Тогда я решил проверить его в боевом вылете. В моем присутствии он ни разу не покинул поля боя, но все время держался пассивно ниже меня. Как-то, отбив атаку фашистов, я передал ему по радио:
– Выходи наверх – «мессеры» ушли.
Он «выплыл» рядом. Я увидел его побелевшее лицо, понял: он весь во власти страха. Страх сковал его, превратил в жалкого труса. Почему? Слишком ли дорожил Подольский своей жизнью? Или вообще не рожден был для боя?

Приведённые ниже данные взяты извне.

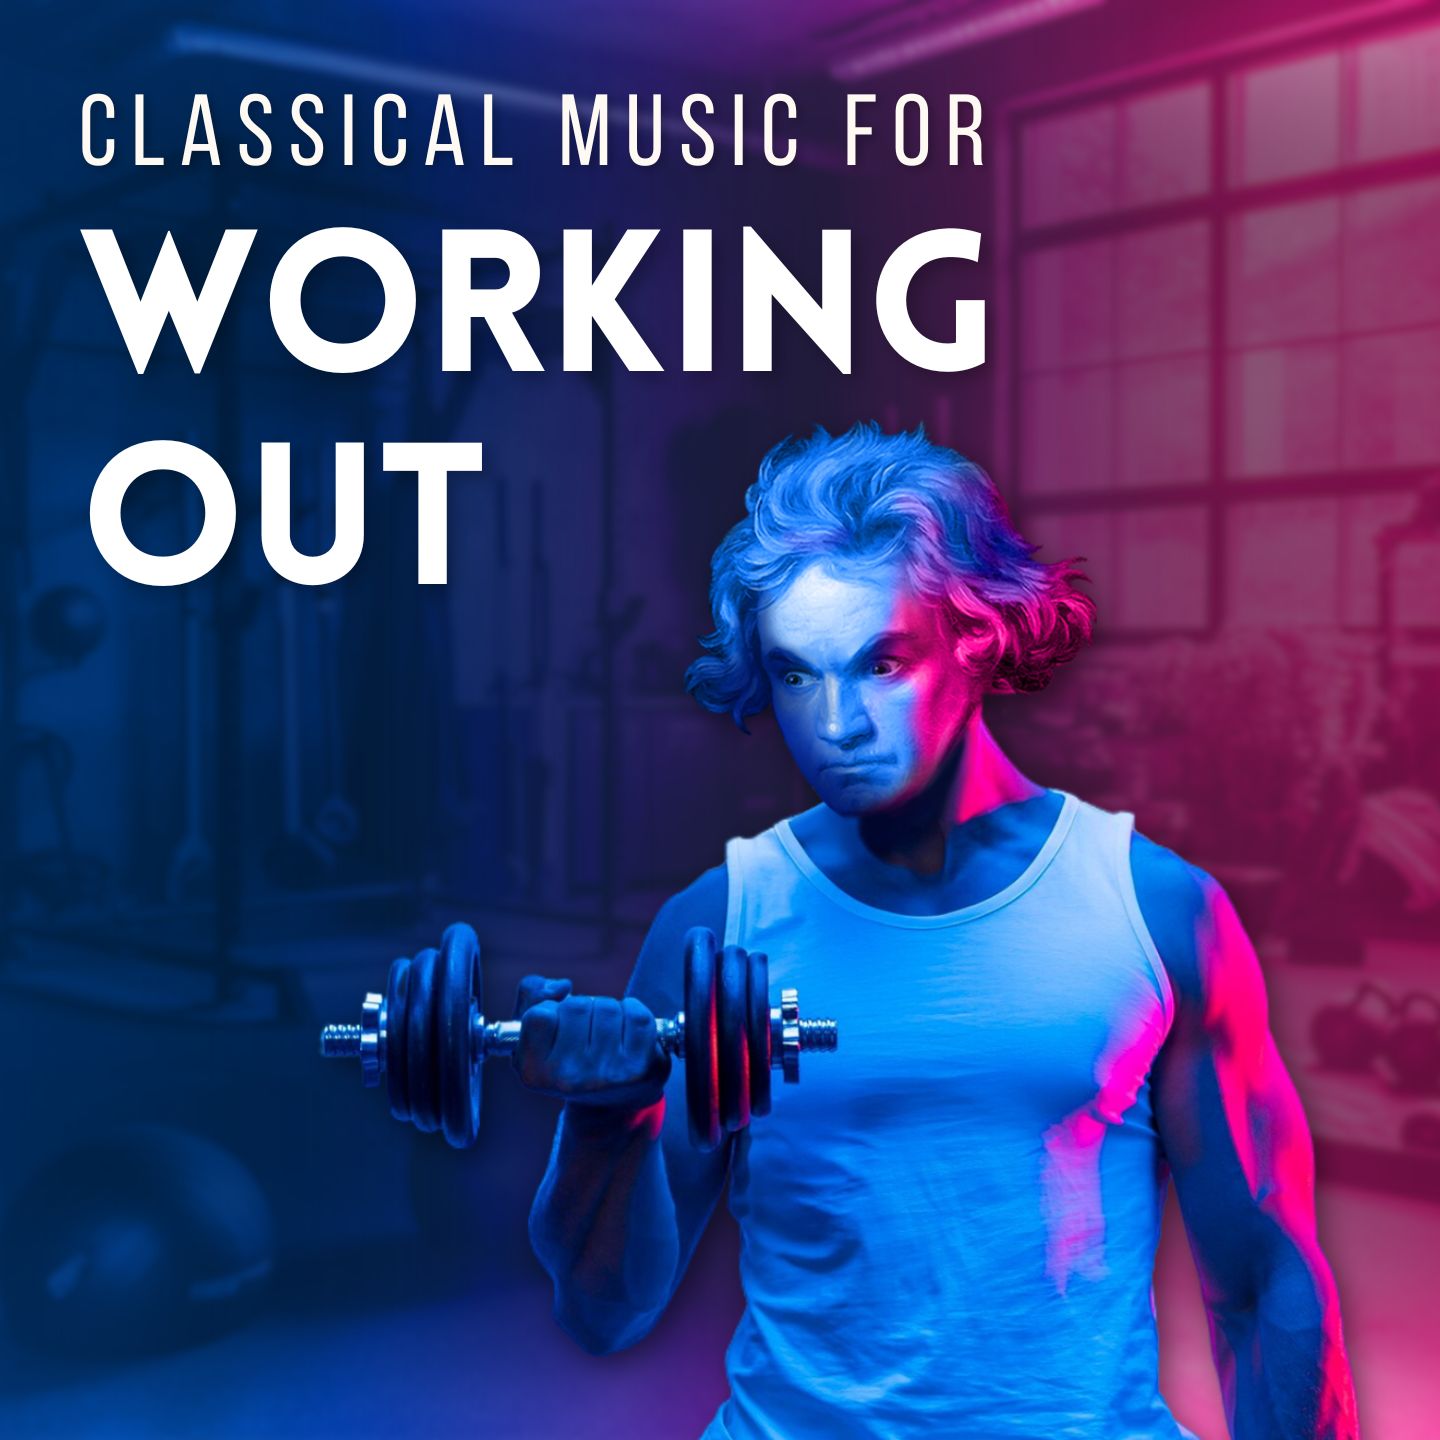 Classical Music for Working Out

В любом случае нельзя терять воинского достоинства. Подольский же этого не понимал или делал вид, что не понимает. Неужели рассчитывал вот так, «юзом», пролетать до победы, а потом наверняка выдавать себя за героя? Только небо войны-экзаменатор строгий.
Майор Краснов взялся лично проверить Подольского. Они взлетели, ушли к переднему краю. Я предусмотрительно послал им вслед Кирилюка и Панкова – на всякий случай. И не напрасно. Как только завязалась схватка с «мессерами», Кодольский моментально исчез. Туго пришлось бы Краснову, если бы не подоспела наша пара.
А Кодольский вдруг появился над аэродромом. Снизился до бреющего полета, начал разворачиваться, да так, что крылом зацепил землю, повредил его. Потом чуть поднялся, стал заходить на посадку и сорвался в штопор на очень малой высоте.
Так бесславно завершился путь еще одного человека из числа тех, настоящие фамилии которых пришлось изменить и сейчас их не хочется называть.
Да, нигде не проверяется человек так, как на войне. Вот почему, наверное, столь крепка и нерушима дружба тех кто с честью и достоинством прошел через ее жестокое горнило.
…Пока мы сражались в воздухе, наземные войска вели активную подготовку к новому наступлению.